The Enemy is also the subject of a new series of photographs in the central gallery space, whose full title cites the opening lines of Dante’s Inferno: Midway upon the journey of our life/ I found myself within a forest dark, / For the straightforward pathway had been lost (2019). Within a void of black, serpents strike poses with a disembodied hand or a fetish-masked head. A snake wreathes the head like a crown of thorns, or loops through fingers like some runic monogram. Deceptive in their simplicity, each parselmouth part-object sibilates Satanic susurrations, bedeviling distinctions of good and evil. These spirits, though fallen, do not despair — there is pleasure in the dark.
Motta’s perverted path finally bends into PPOW’s Viewing Room, where objects arrayed like a museum-display hover somewhere between fetish and artifact. Black monochrome abounds. At center lies Senhor Morto (2019), the dismembered bronze body of Christ submerged in water.
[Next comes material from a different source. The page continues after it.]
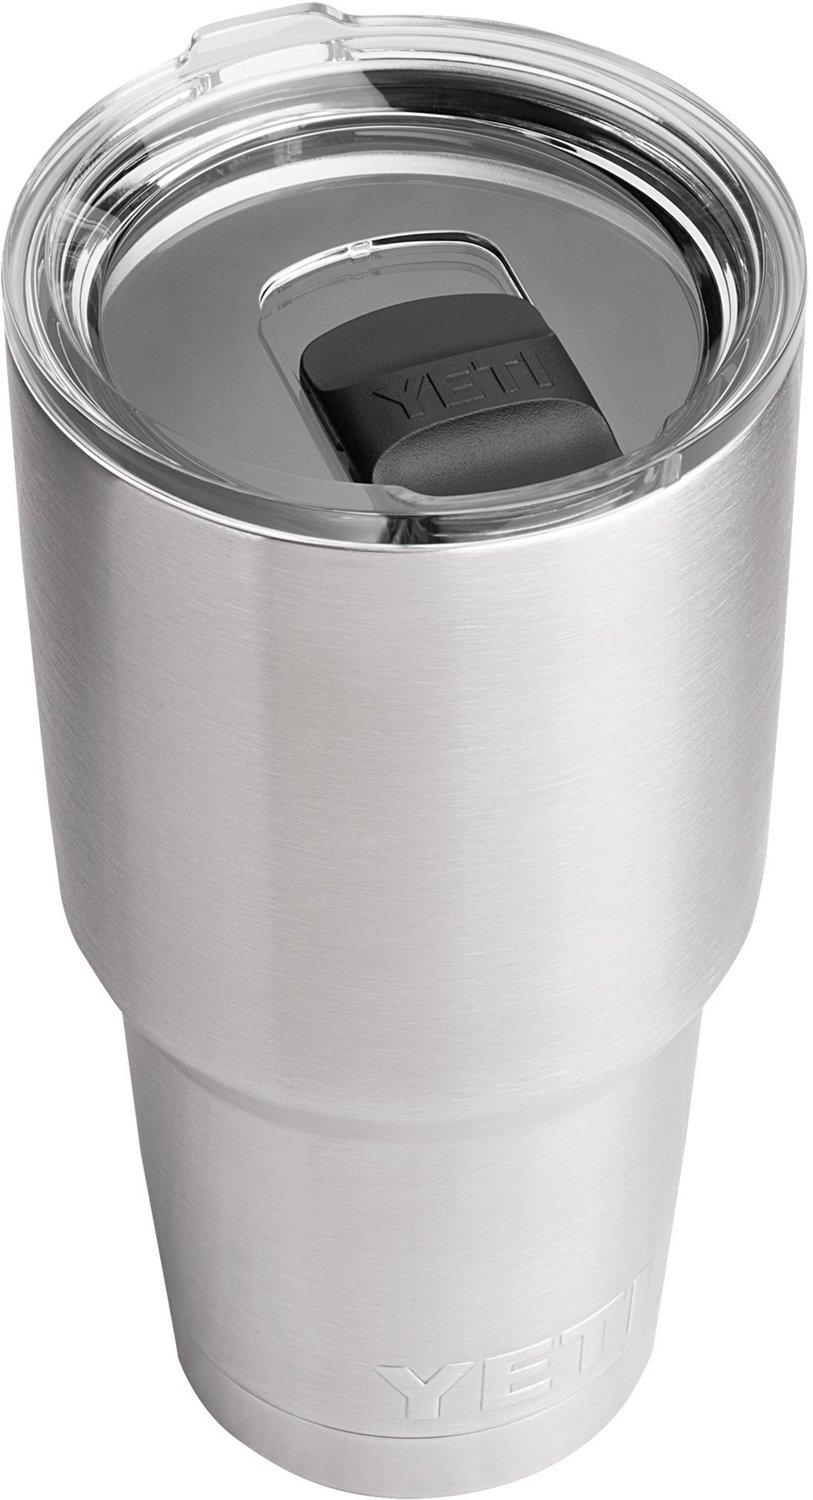 Yeti RAMBLER 26oz Cup Or 30 Oz Tumblr STRAW & LID Replacement - Pasadena  Music Academy – Music Lessons in Pasadena

On surrounding walls, whips, knots, and rings suggest sacred mysteries, occult sex, alchemical orders, and other arcana. The room is peppered with art historical allusion, as in the black-mirrored reference to Robert Mapplethorpe’s Self-Portrait with Whip (1978). Inverting Benjamin’s dictum, these works turn documents of barbarism into documents of civilization, and instruments of punishment into accoutrements of ecstasy.
If ‘conatus’ is about persistence and desire, Conatus marshals all the powers of the night for the effort. It unearths avenging angels beneath the wreckage of history. Mingling testimony of the vanquished with the diatribes of their oppressors, Motta converts histories of suffering into a shrewd and often playful aesthetic of defiance. Rejecting nihilism, Motta embraces (with Benjamin) ‘courage, humor, cunning, and fortitude.’ Even in the darkest of times, Conatus affirms the desire to persist.